Seems like a misguided rant. The whole beginning of "but what about applications?" makes no sense.
The complaints about what is essentially p-hacking might apply to CERN (but probably not), but doesnt work with LIGO where many events were detected by their model-free pipeline.
Sure, but there are two possible ways to "not believe" in black holes.
One can say "there is an alternative not yet known explanation to gravity and this explanation will not have singularities/math artifacts." While GR is one of the most verified theories in physics I have some modicum of sympathy for that view.
What is disingenuous is her view "black holes dont exist because GR measurements are bad." Because they really are good and statistically significant. For LIGO results you can reject the nature of the compact bodies (although the fits are very good), but you cant reject the event of the detection.
Indeed, but if you ignore much of the crack-pottery and the lack of understanding of fundamental statistics you could find some valid criticism of current physics in this piece (but more like needles in a hay stack).

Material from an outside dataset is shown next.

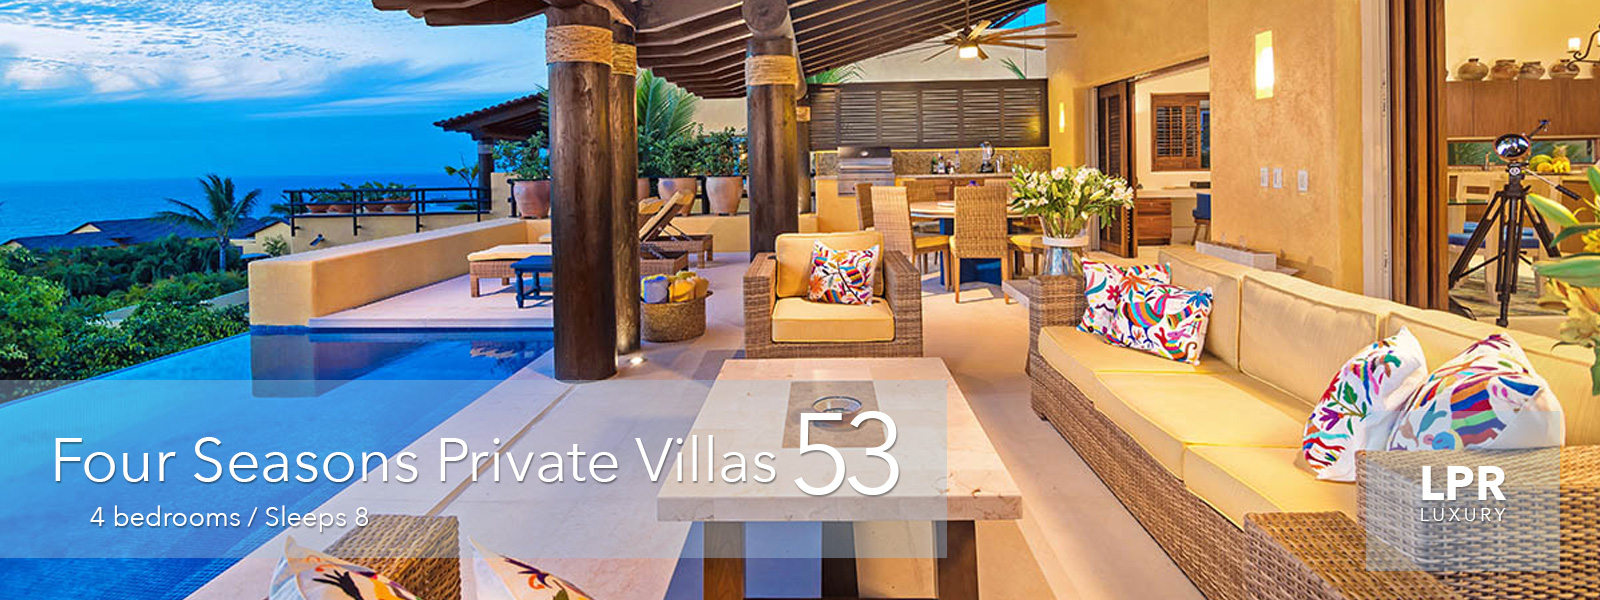 Four Seasons Private Villa 53 - Luxury Punta Mita Resort Vacation rental villa - Four Seasons Resort, Punta Mita Mexico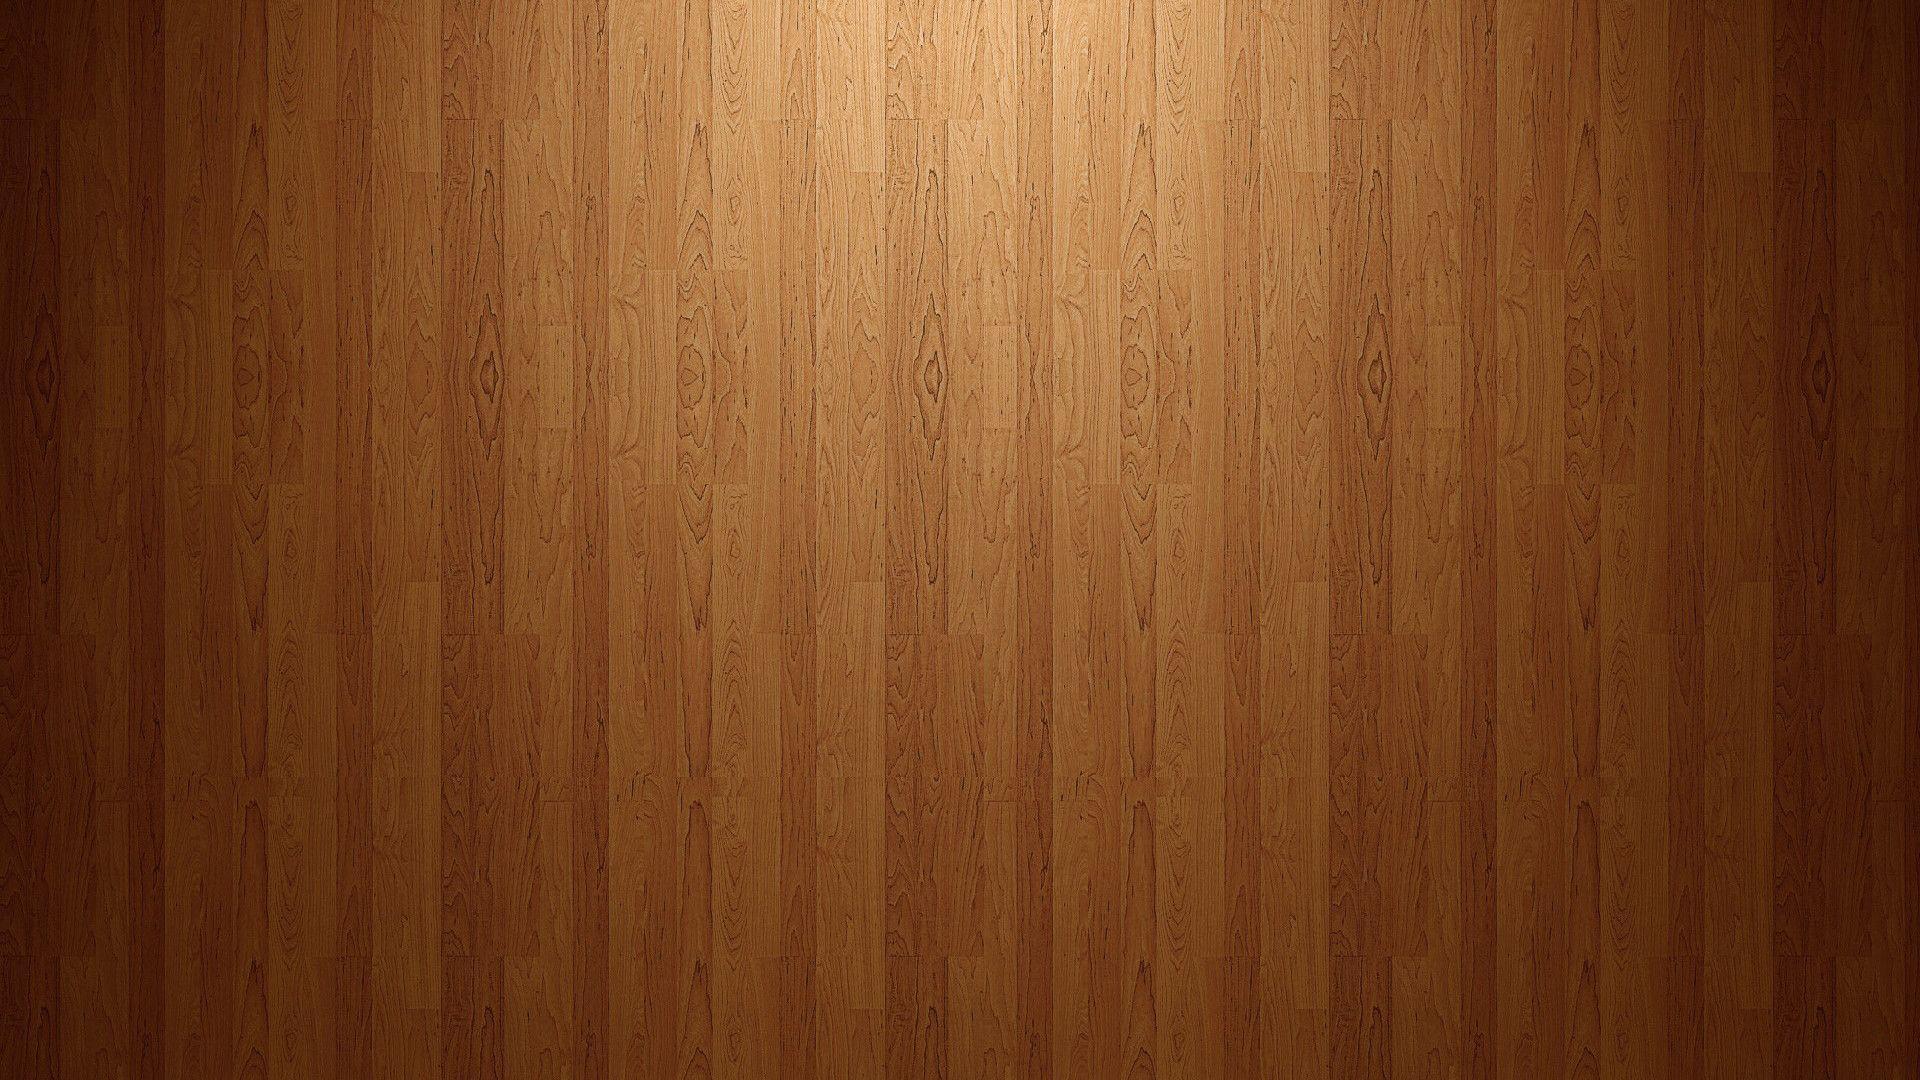 Wood Texture Wood Texture 1920x1080 HD 1080p HD Wallpaper .

Physics is now entering a new era of "exploration". This means lots of data and little results. The career of the average scientist will be a series of papers where they prove that they found nothing. I can see how this is frustrating or boring to many people but it is the only way forward. The low hanging fruit has been harvested decades ago. The methodologies of measurements have to adjust accordingly and the purpose of experiments has to be advertised correctly.
Judging by how many open problems and paradoxes remain in physics and cosmology, I would not agree with the low hanging fruit being harvested along time ago. It seems more like they harvested the fruit from a spindly looking diseased part of the orchard and missed the healthy part of the orchard. If the physicists and cosmologists were to simply rearrange their models in a more sensible fashion I think they would quickly figure out nature and productivity would return. First there would be a lot of rewriting of all the current information in a much more sensible theory of nature. Then there would be pushing forward on a much sounder foundation. And biggest of all, the applications that would arise are amazing. Imagine drawing energy from spacetime. Imagine manufacturing with spacetime as your raw materials.
Clue: Start with taking that Big-Bang/Inflation picture and overlaying it on each of the jets from every SMBH. Now force yourself to believe that as true and it won't take long to figure out what is going on.
> Indeed, but if you ignore much of the crack-pottery
She claims to have studied physics for twenty years and have a PhD in accelerator physics. If true (and she seems too well-informed to be lying), her crack-pottery is at the very least well-informed enough to likely contain many useful insights and views worth considering. Especially regarding physicist culture.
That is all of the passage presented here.